Xi Yutao, James Chao Zhi-Yang, Yan Wen, Abbasi Shahrzad, Yin Xiaomeng, Mathuria Nilesh, Patel Mehul, Fan Christopher, Sun Junping, Wu Geru, Wang Suwei, Elayda MacArthur, Gao Lianjun, Wehrens Xander H T, Lin Shien-Fong, Cheng Jie
Texas Heart Institute/St. Luke's Hospital, Houston, Texas; Section of Cardiology, University of Texas School of Medicine at Houston, Houston, Texas.
Texas Heart Institute/St. Luke's Hospital, Houston, Texas.
Heart Rhythm. 2015 Jun;12(6):1352-61. doi: 10.1016/j.hrthm.2015.03.003. Epub 2015 Mar 5.
Vagal hyperactivity promotes atrial fibrillation (AF), which has been almost exclusively attributed to acetylcholine. Vasoactive intestinal polypeptide (VIP) and acetylcholine are neurotransmitters co-released during vagal stimulation. Exogenous VIP has been shown to promote AF by shortening action potential duration (APD), increasing APD spatial heterogeneity, and causing intra-atrial conduction block.
The purpose of this study was to investigate the effects of neuronally released VIP on atrial electrophysiologic properties during vagal stimulation.
We used a specific VIP antagonist (H9935) to uncover the effects of endogenous VIP released during vagal stimulation in canine hearts.
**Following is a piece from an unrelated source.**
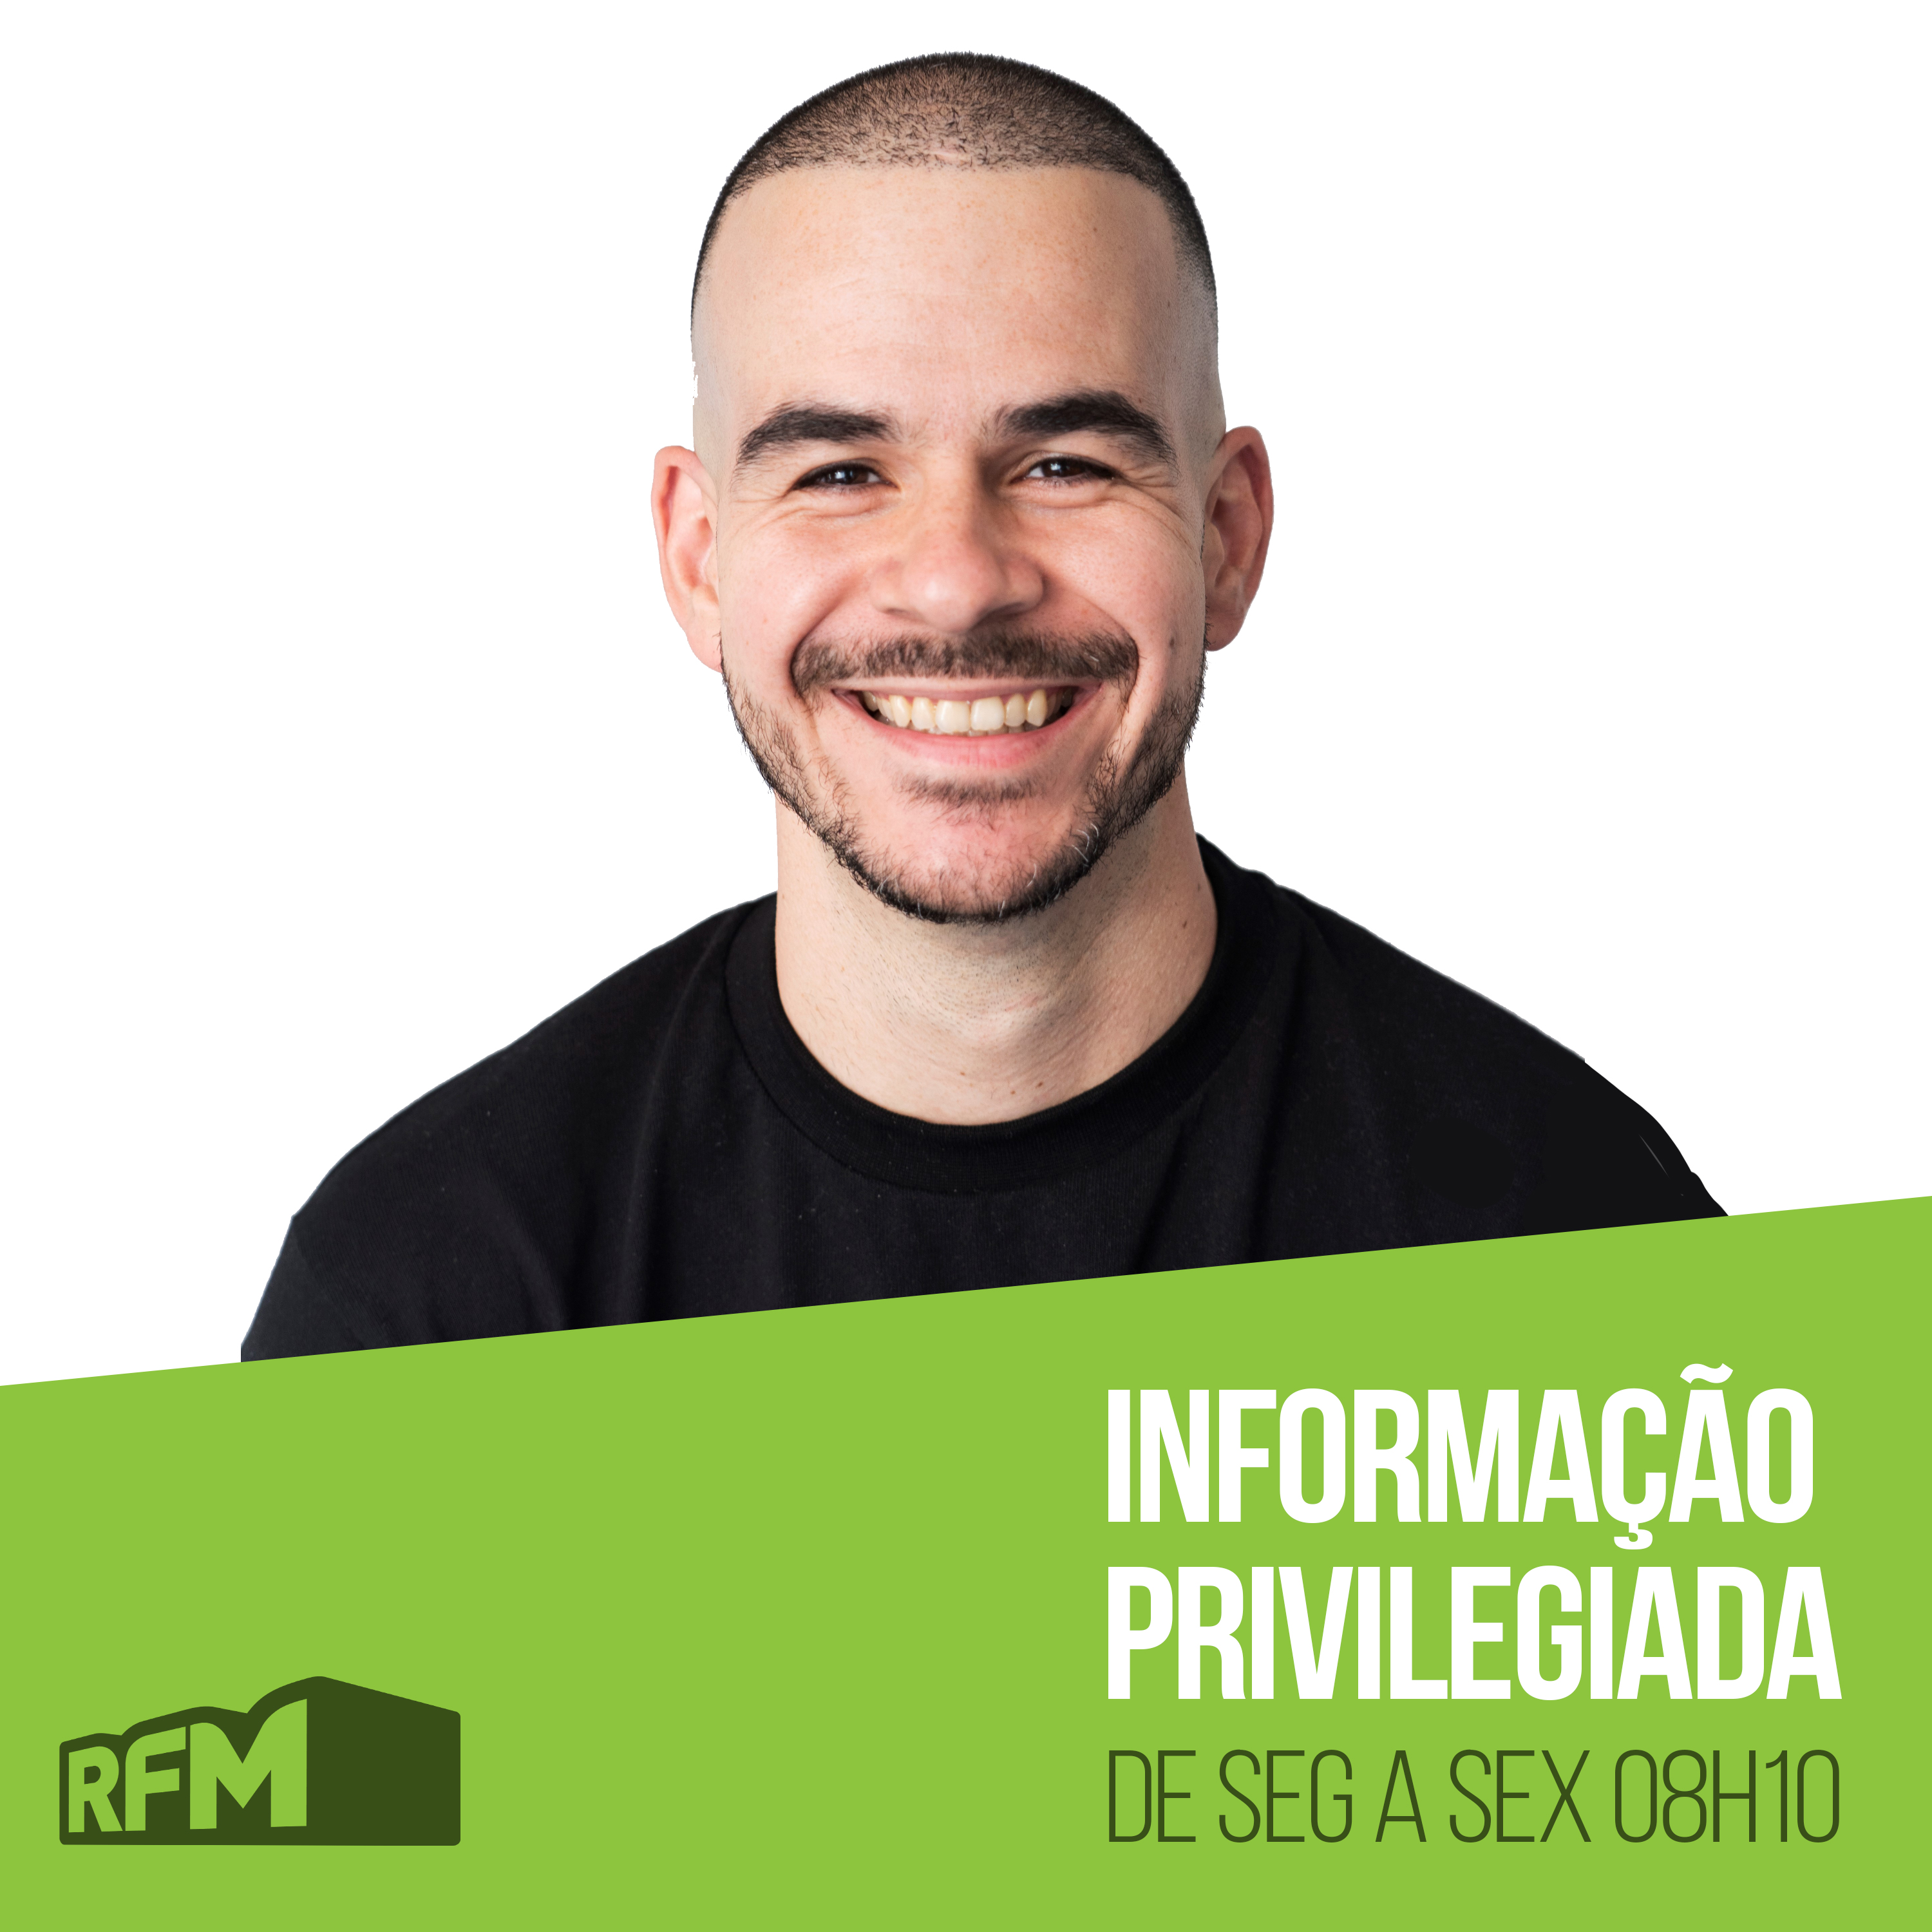 RFM - INFORMAÇÃO PRIVILEGIADA: O EMPREITEIRO DE RONALDO

H9935 significantly attenuated (1) the vagally induced shortening of atrial effective refractory period and widening of atrial vulnerability window during stimulation of cervical vagosympathetic trunks (VCNS) and (2) vagal effects on APD during stimulation through fat-pad ganglion plexus (VGPS). Atropine completely abolished these vagal effects during VCNS and VGPS. In contrast, VGPS-induced slowing of local conduction velocity was completely abolished by either VIP antagonist or atropine. In pacing-induced AF during VGPS, maximal dominant frequencies and their spatial gradients were reduced significantly by H9935 and, more pronouncedly, by atropine. Furthermore, VIP release in the atria during vagal stimulation was inhibited by atropine, which may account for the concealment of VIP effects with muscarinic blockade.
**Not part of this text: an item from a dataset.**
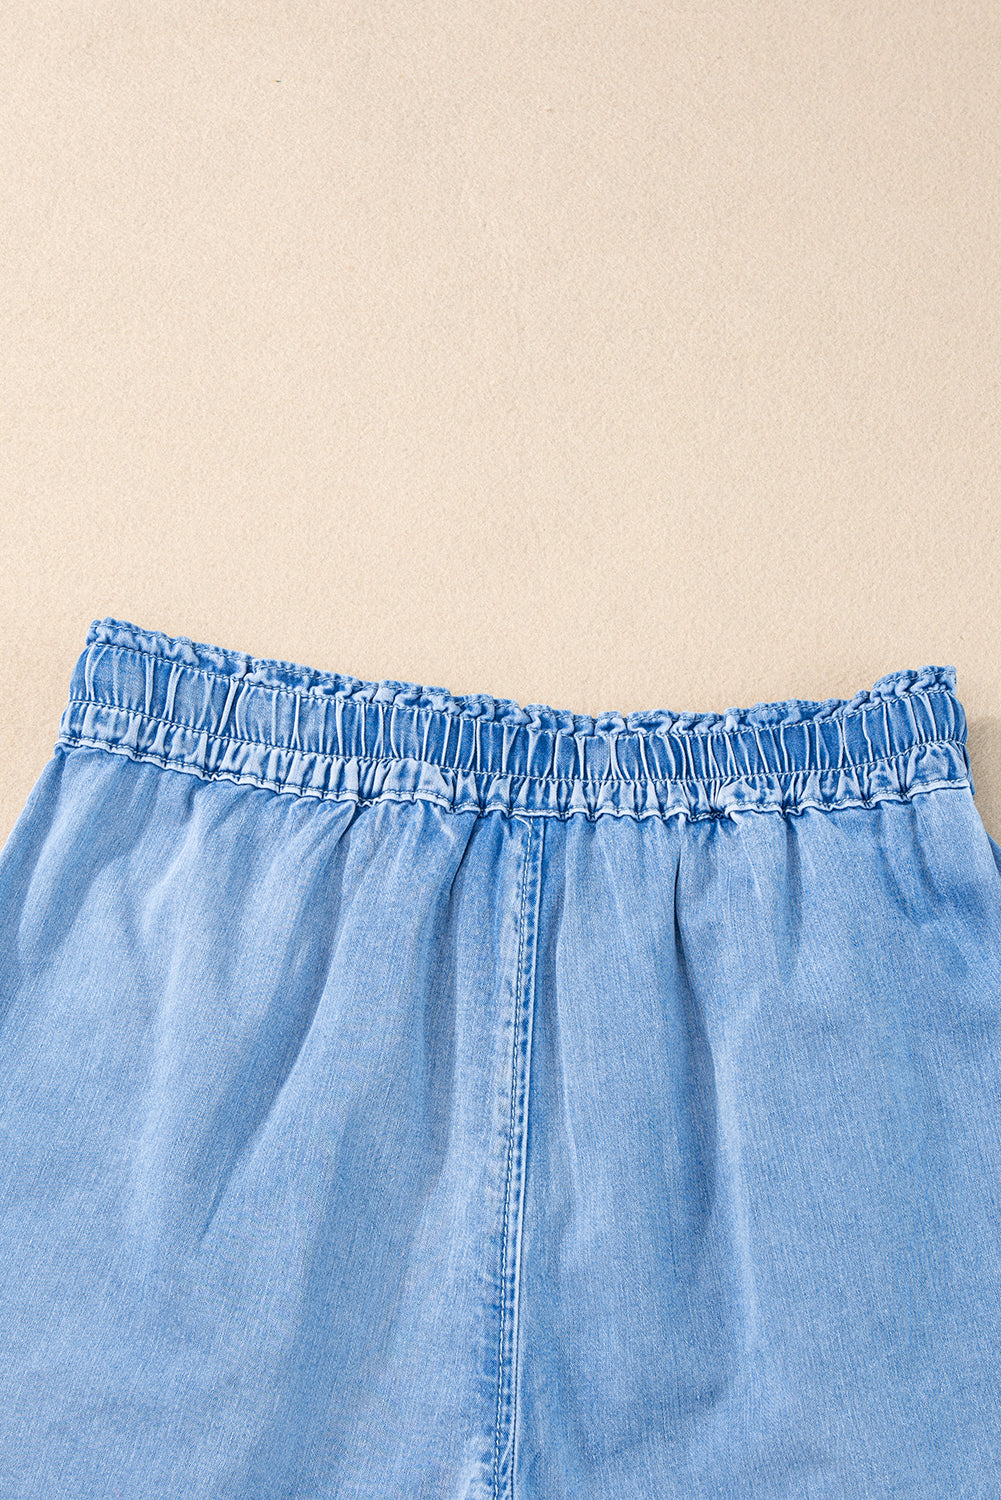 Beau Blue Casual Chambray Drawstring Shorts

Neuronally released VIP contributes to vagal effects on atrial electrophysiologic properties and affects the pathophysiology of vagally induced AF. Neuronal release of VIP in the atria is inhibited by muscarinic blockade, a novel mechanism by which VIP effects are concealed by atropine during vagal stimulation.
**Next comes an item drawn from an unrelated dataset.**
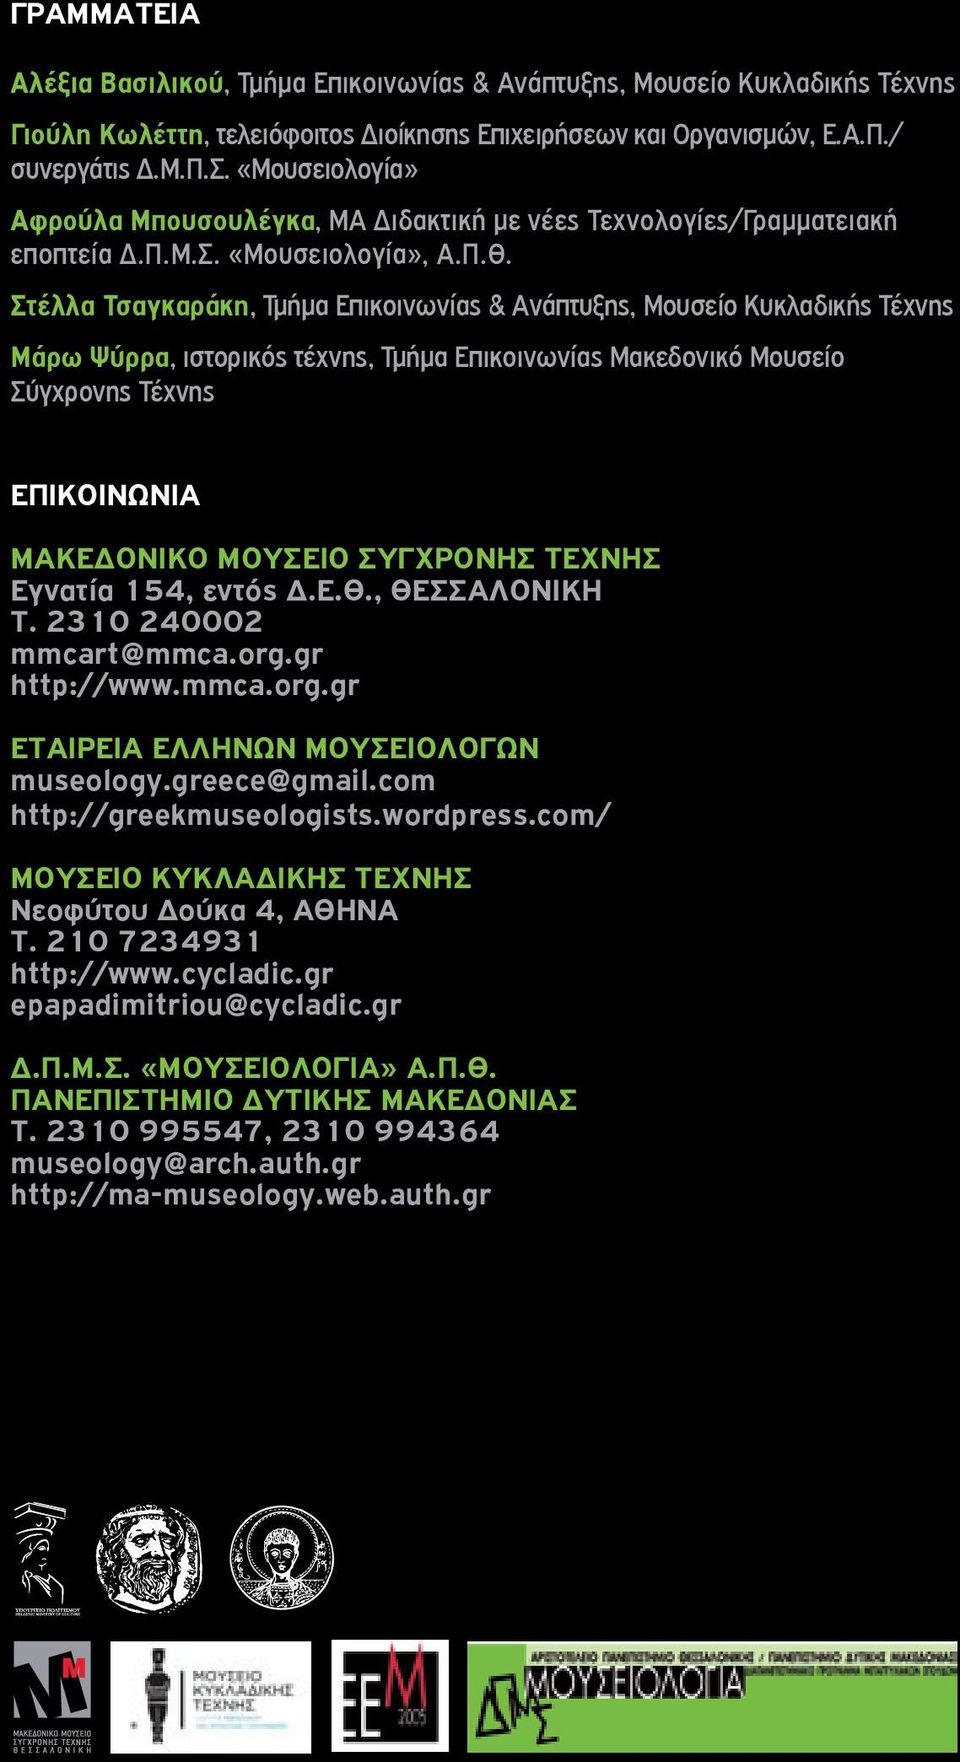 Στέλλα Τσαγκαράκη, Τμήμα Επικοινωνίας & Ανάπτυξης, Μουσείο Κυκλαδικής Τέχνης Μάρω Ψύρρα, ιστορικός τέχνης, Τμήμα Επικοινωνίας Μακεδονικό Μουσείο Σύγχρονης Τέχνης EΠΙΚΟΙΝΩΝΙA ΜΑΚΕΔΟΝΙΚΟ ΜΟΥΣΕΙΟ

迷走神经活动亢进会促进心房颤动(AF),这几乎完全归因于乙酰胆碱。血管活性肠肽(VIP)和乙酰胆碱是迷走神经刺激期间共同释放的神经递质。外源性VIP已被证明可通过缩短动作电位时程(APD)、增加APD空间异质性以及导致心房内传导阻滞来促进AF。
本研究旨在探讨迷走神经刺激期间神经元释放的VIP对心房电生理特性的影响。
我们使用一种特异性VIP拮抗剂(H9935)来揭示犬心脏迷走神经刺激期间内源性VIP释放的作用。
H9935显著减弱了(1)在刺激颈迷走交感干(VCNS)期间迷走神经诱导的心房有效不应期缩短和心房易损窗口增宽,以及(2)通过脂肪垫神经节丛(VGPS)刺激期间迷走神经对APD的影响。阿托品在VCNS和VGPS期间完全消除了这些迷走神经效应。相比之下,VIP拮抗剂或阿托品均可完全消除VGPS诱导的局部传导速度减慢。在VGPS期间起搏诱发的AF中,H9935显著降低了最大主导频率及其空间梯度,阿托品的作用更明显。此外,阿托品抑制了迷走神经刺激期间心房内VIP的释放,这可能解释了毒蕈碱阻断时VIP效应的隐匿性。
神经元释放的VIP有助于迷走神经对心房电生理特性的影响,并影响迷走神经诱发AF的病理生理学。毒蕈碱阻断可抑制心房内神经元释放VIP,这是迷走神经刺激期间阿托品隐匿VIP效应的一种新机制。